The scheduling guy gives me a brief description of the job site. He lets me know that I will be provided with a hard hat and a flashlight.

“A big mother-fucking flashlight,” he says. Then he makes hand motions like he's beating someone down with that Big Mother-Fucking Flashlight. For two glorious seconds his eyes bug out of his head, and his teeth gnash at the air as he tears into some make-believe crook.

He's my new favourite co-worker.

Aside from murdering trespassers, I will be required to walk around every once in a while with my justice club and then call hourly reports in to the dispatcher. I have already begun planning ways to use this call-in procedure to keep myself entertained. Some possibilities are:

a) Fake emergencies. This includes pretending that someone is breaking into the building, which would result in an exciting light show when the police arrived, and the chance to fill out long, involved reports, using made-up characters. These could also include fake murders, insisting that wet, shadowy, half-human figures beat someone to death with makeshift tools like big rocks and then dragged the bodies into the sewers.

b) Disguising my voice differently with each call. To make this more fun, I could record my male and female friends saying things like, “This is Arthur, I'm out at the site, and everything's fine,” and “I have a cold,” or “I don't think it's recording.”

c) Pushing random buttons on the phone and not talking. If I do this when I am scheduled to call in, maybe they'll panic. They'll send someone out to save me, imagining that I'm lying in a bloody mess, too weak to talk, using the last of my strength to call my employers and let them know I'm taking a break. When they show up, hopefully with the police, I will say the phone is probably busted. To be on the safe side, I may bust the phone.

I'm not really like a cop at all. I haven't got any actual authority. If someone does show up to do anything bad, I am not allowed to touch them or interfere with them in any way. I'm a scarecrow. I'm like one of those plastic owls that are supposed to scare away pigeons, but that pigeons shit all over.

I could be wearing a cheap suit with Clay right now. We could be waiting in the dark outside the office-supply store, tire irons shoved down our pants, waiting for Wallace to get off work. We could be on a plane, flying to the middle of God knows where to avenge a pimply teen.

But instead I am guarding a construction site. Every hour I am required to walk around the building looking for anything out of the ordinary. As it is pitch-black, and I carry a big flashlight, I imagine that it would be pretty easy to hide from me. The only way I could possibly catch anyone is if they managed to hurt themselves while breaking in and were subsequently too injured to move.

I am ever vigilant in my quest to defend the world from clumsy criminals.

I have a co-worker across the street who is helping me adjust to the reality of being on-site (as opposed to what those idealists down at “headquarters” expect).
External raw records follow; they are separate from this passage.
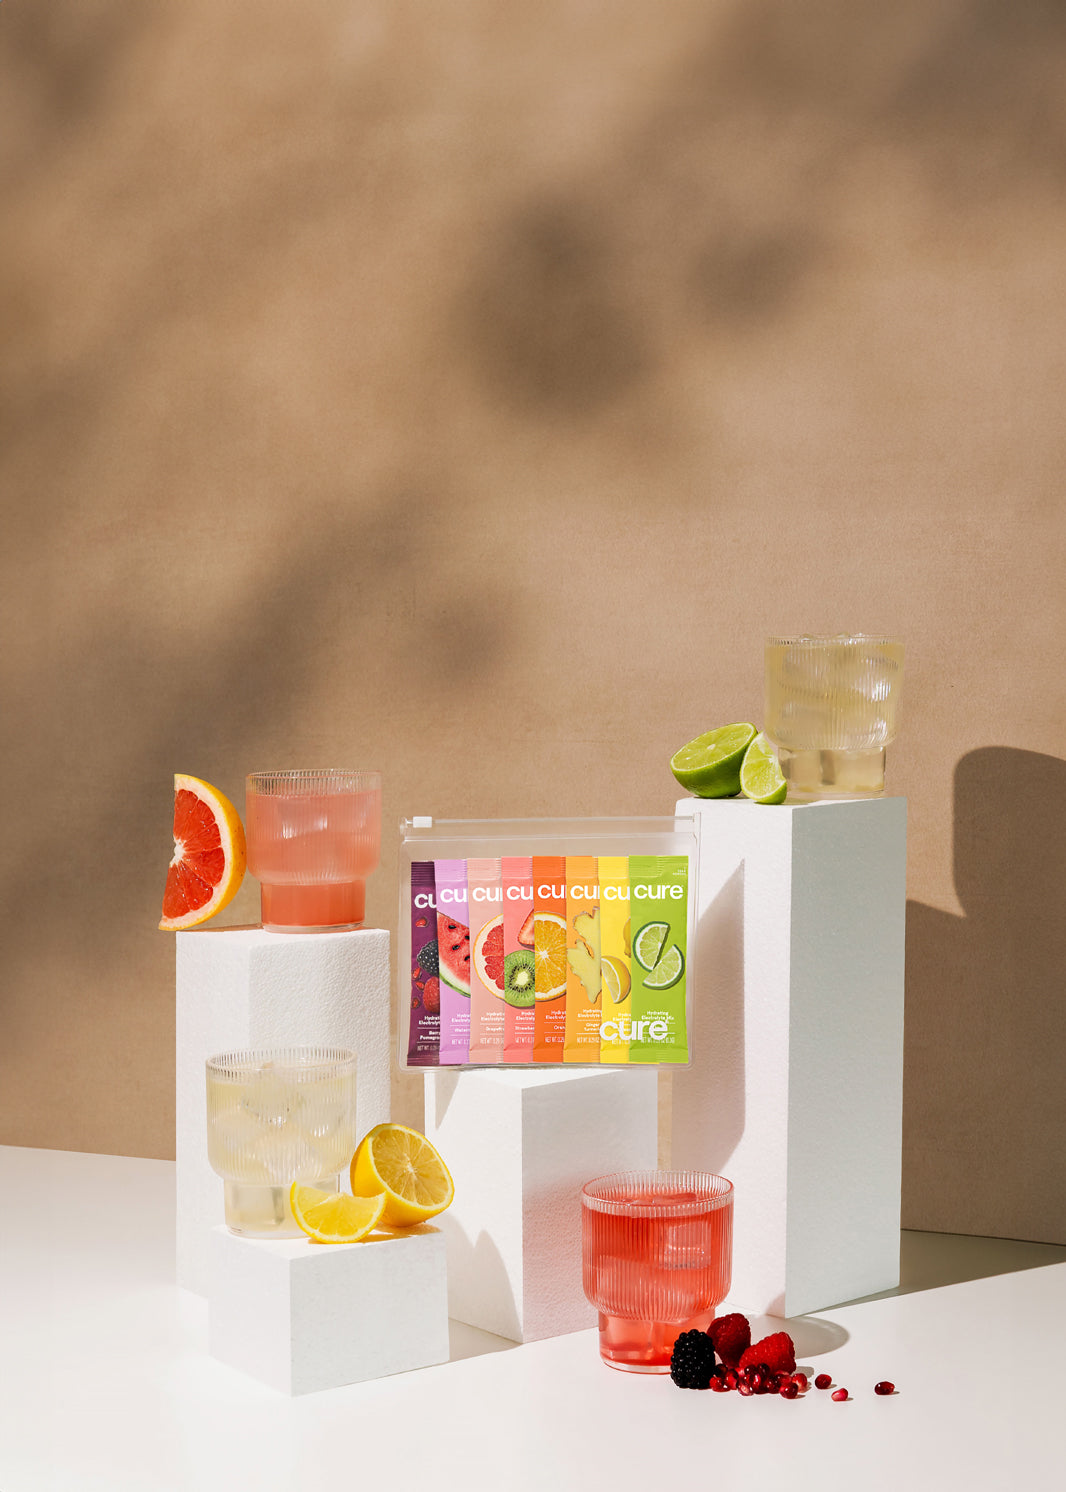 'Cure' drinks on pedestals: grapefruit, pink, lemon, lime flavors, beige background.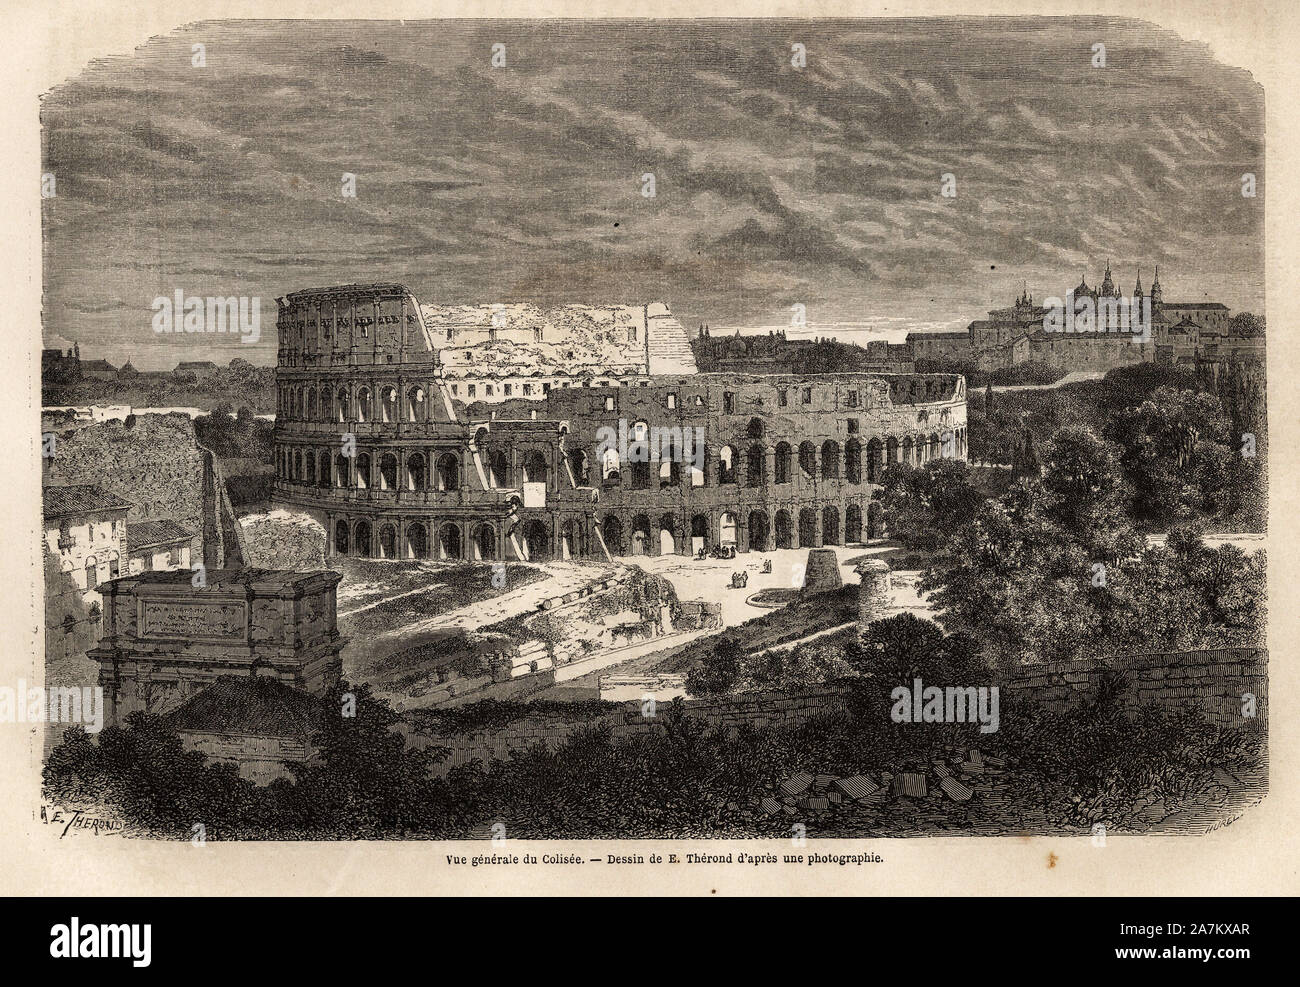 Vue generale du Colisee, une Rome, l'amphithéâtre Flavien acheve en 80, sous le regne de l'empereur Titus, pouvant accueillir jusqu'a 75 000 personnes, il Banque D'Images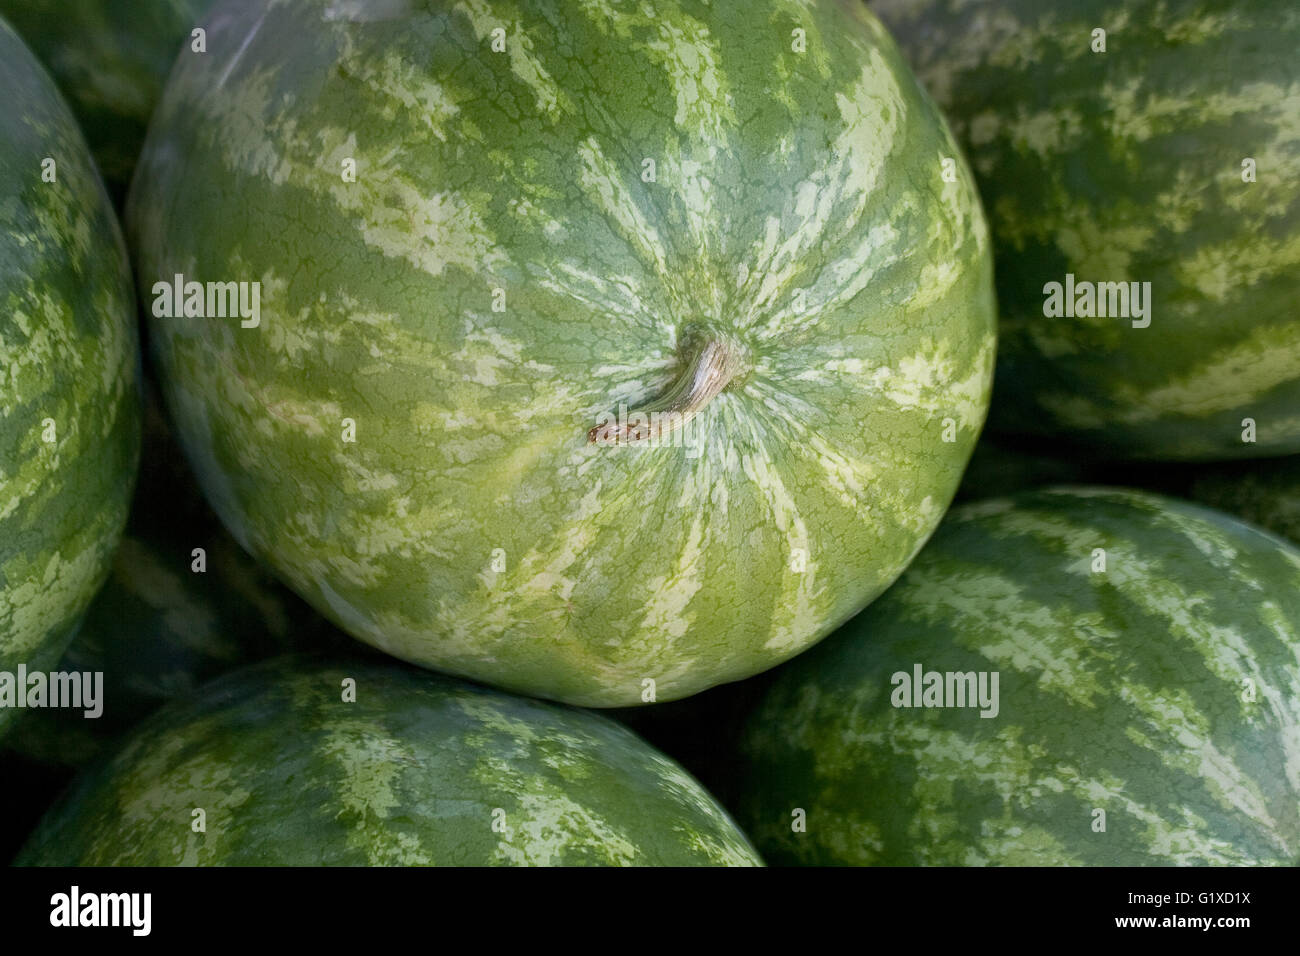 Les melons d'eau contexte Banque D'Images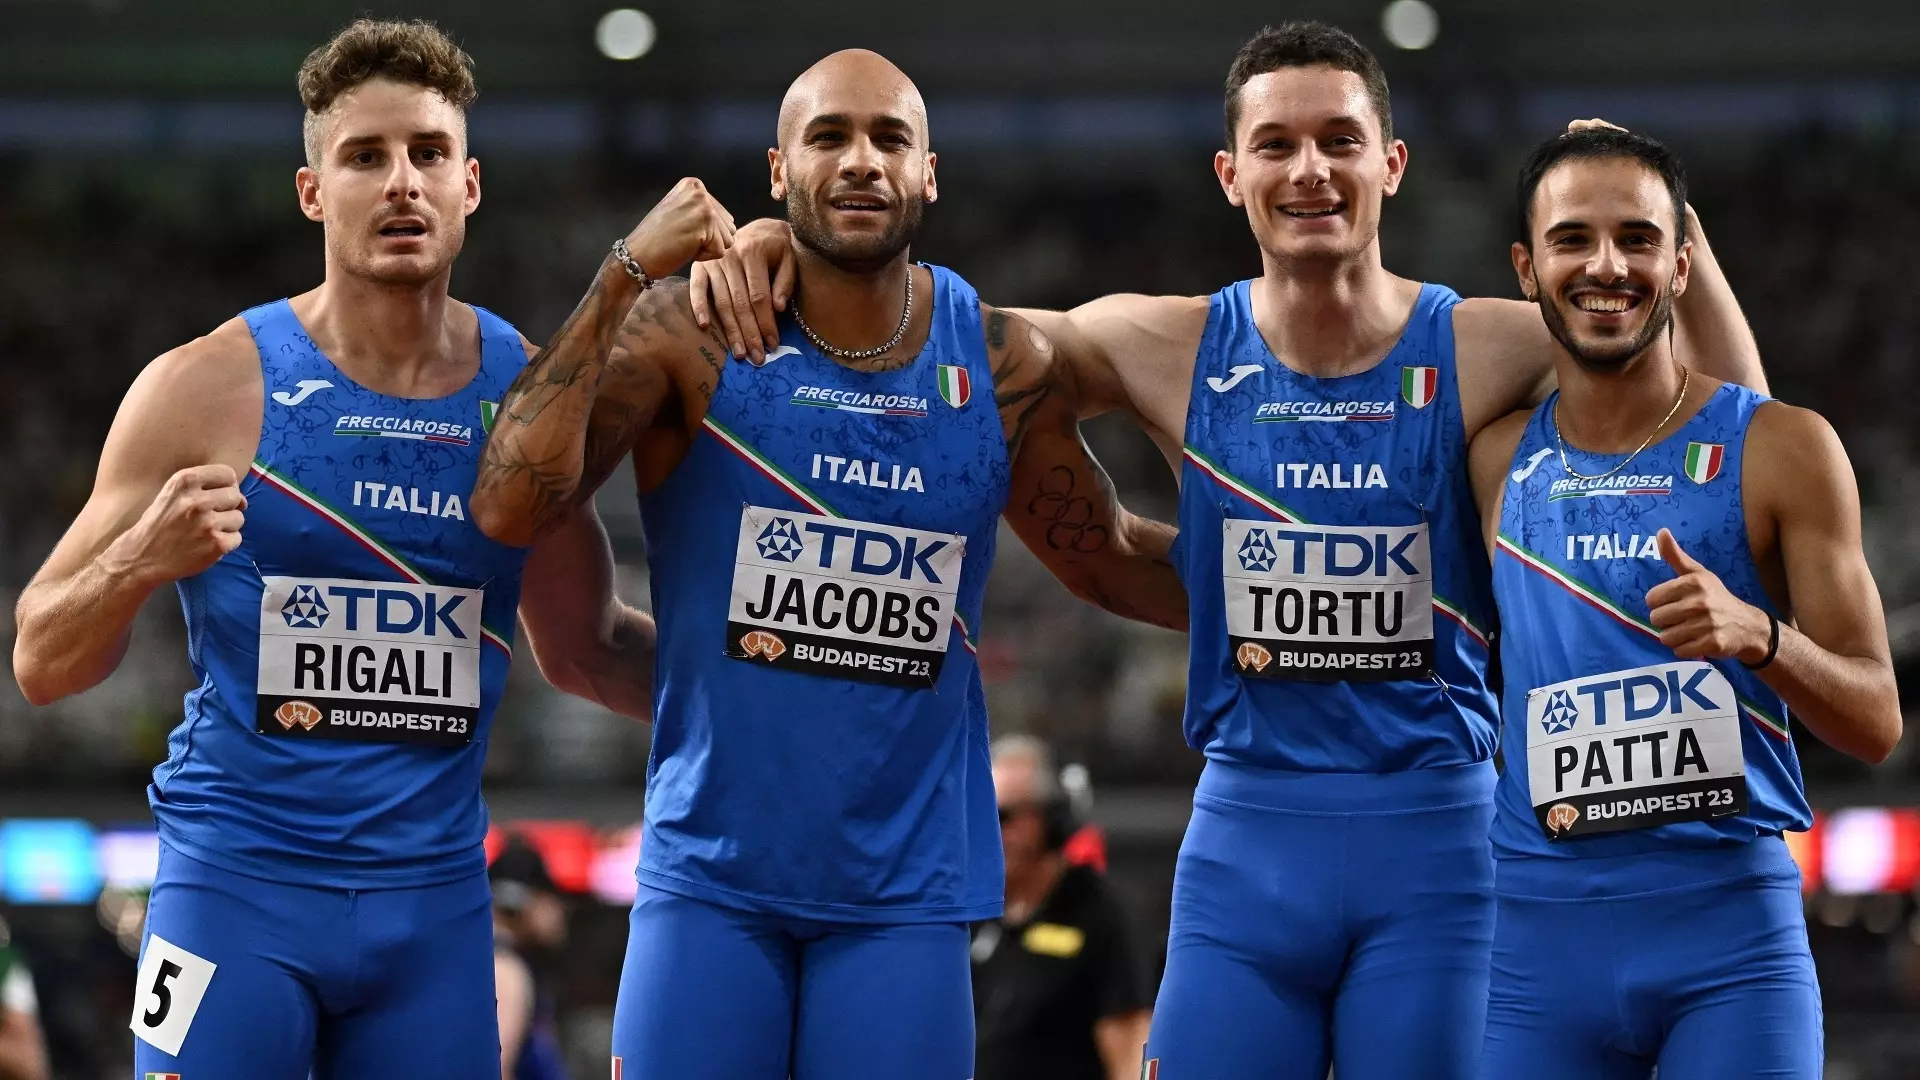 Mondiali, Italia argento nella 4×100 maschile

I'm getting an education of what life is like “in the real world.” For example, “Behind the building is spooky as fuck, so don't bother going back there. There aren't any cameras to make sure you do your rounds, and nobody's going to break in anyway,” he tells me.

After work, I stop at the mall, and there's Wallace, in line for coffee. He's not wearing his uniform, and I realize this is the first time I've ever seen him without it. He's wearing a button-up shirt and jeans. Just another guy in line for a coffee.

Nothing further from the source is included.